FACS Enrichment of tdTomato Cells

Cell suspensions subjected to FACS were prepared from the cortical hemispheres of adult 6-months old PV-Cre/tdTomato/Dnmt1 WT as well as PV-Cre/tdTomato/Dnmt1 loxP mice. Following the addition of DAPI, cells were sorted using an ARIA III FACS sorter (BD Biosciences, USA) with the maximal flow rate of six. The tdTomato reporter was excited by a 561 nm yellow/green solid-state laser and emission signal was detected in a range of 579–593 nm. According to their forward scatter/side scatter (FSC/SSC) criteria followed by cell doublet exclusion via a FSC-H versus FSC-W criterium, DAPI-negative living cells were sorted based on a distinctive tdTomato signal. Cells of interest were collected in HBSS w/o Ca2+ and Mg2+ supplemented with 7 mM HEPES, 100 U/mL penicillin, 100 μg/mL streptomycin, 0.65% D(+)-Glucose, and 132 mM trehalose at 4 °C and pelleted by centrifugation (10 min at 10 000 × g, 4 °C). Enriched tdTomato cells of one hemisphere were prepared for RNA-sequencing, while cells of the contralateral hemisphere were subjected to DNA-isolation for MeDIP-sequencing for each brain used. For RNA isolation, pellets were dissolved in 500 μL Trizol® Reagent (Life Technologies) and subsequentially frozen on dry ice. For MeDIP-Seq analysis, cell pellets were frozen at −80 °C until further use. Only male mice were used for RNA and MeDIP sequencing.

RNA/DNA Isolation of Adult Tissue and FAC-Sorted Cells

Adult cortical hemispheres were dissected from whole brain and frozen in liquid nitrogen as described above. For RNA-sequencing, the tissue was subjected to standard RNA isolation procedure using Trizol® Reagent (Life Technologies). The FACS-enriched tdTomato cells were processed accordingly, with additional application of GlycoBlue (Thermo Fisher Scientific) to a final concentration of 0.2% during RNA precipitation for better visualization of the pellet.

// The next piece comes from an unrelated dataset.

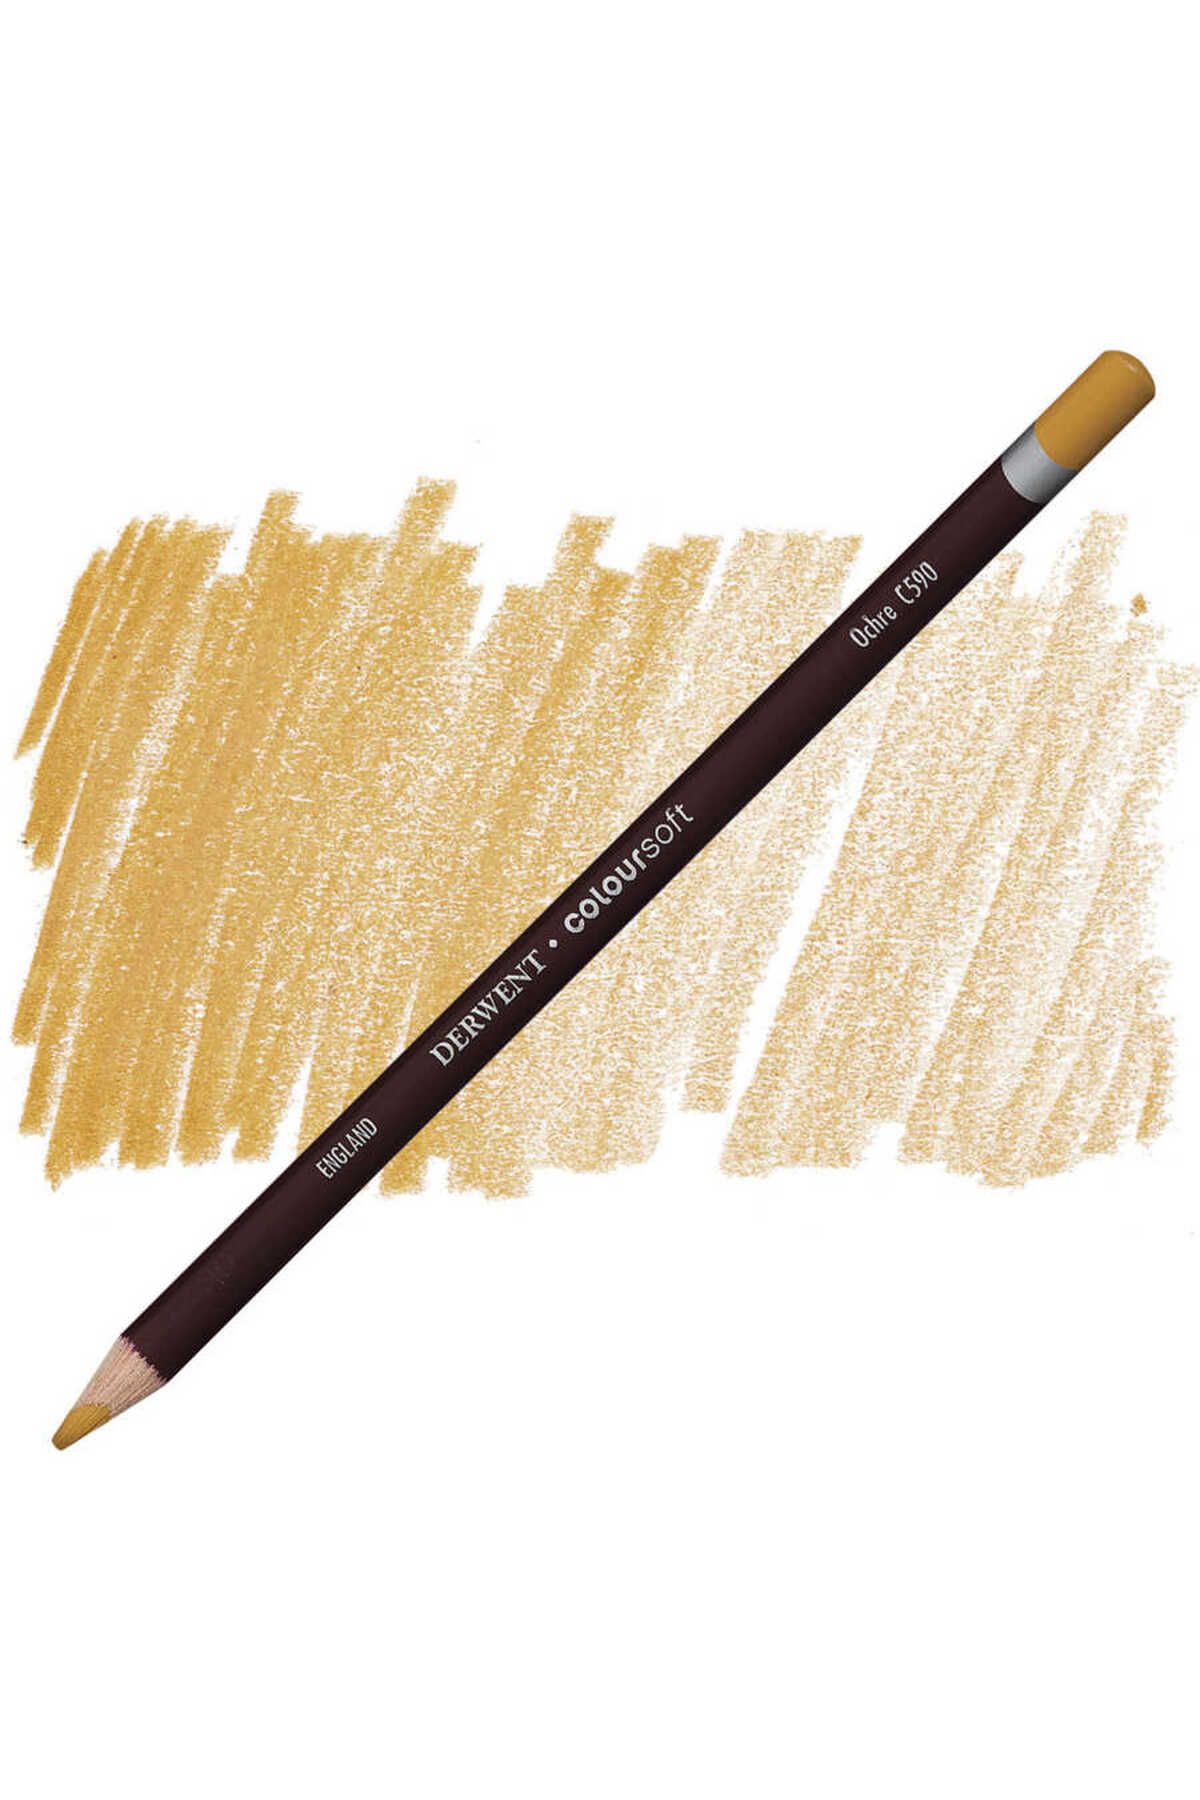 Derwent Coloursoft Pencil Yumuşak Kuruboya Kalemi C590 Ochre

DNA isolation of FACS-enriched tdTomato cells was performed using QIAamp DNA Micro Kit (Quiagen, Germany) according to manufacturer’s instruction and checked for integrity by capillary gel electrophoresis (Bioanalyzer, Agilent Technologies, Inc., USA).

RNA and MeDip Sequencing of FACS-Enriched tdTomato Cells

RNA was isolated following the Trizol® Reagent protocol according to manufacturer’s instructions. RNA quality was assessed by measuring the RIN (RNA Integrity Number) using the fragment analyzer from Advanced Analytical (USA). Library preparation for RNA-Seq was performed applying the TruSeq RNA Sample Prep Kit v2 (Illumina, Cat. N°RS-122-2002, USA) starting from 50 ng of total RNA. Accurate quantitation of cDNA libraries was performed by using the QuantiFluor dsDNA System (Promega, USA). The size range of final cDNA libraries was determined applying the DNA chip on the fragment analyzer (average 350 bp; Advanced Analytical). cDNA libraries were amplified and sequenced by using the cBot and HiSeq2000 from Illumina (SR; 1 × 50 bp; ~30–40 million reads per sample). Sequence images were transformed with Illumina software BaseCaller to bcl files, which were demultiplexed to fastq files with CASAVA v1.8.2. Quality check was done via fastqc (v. 0.10.0, Babraham Bioinformatics, UK). Read alignment was performed using STAR (v2.3.0; Dobin et al. 2013) to the mm10 reference genome. Data were converted and sorted by samtools 0.1.19 and reads per gene were counted via htseq version 0.5.4.p3. Sequencing data will be deposited in NCBI’s Gene Expression Omnibus, and are accessible through GEO Series upon acceptance of the manuscript.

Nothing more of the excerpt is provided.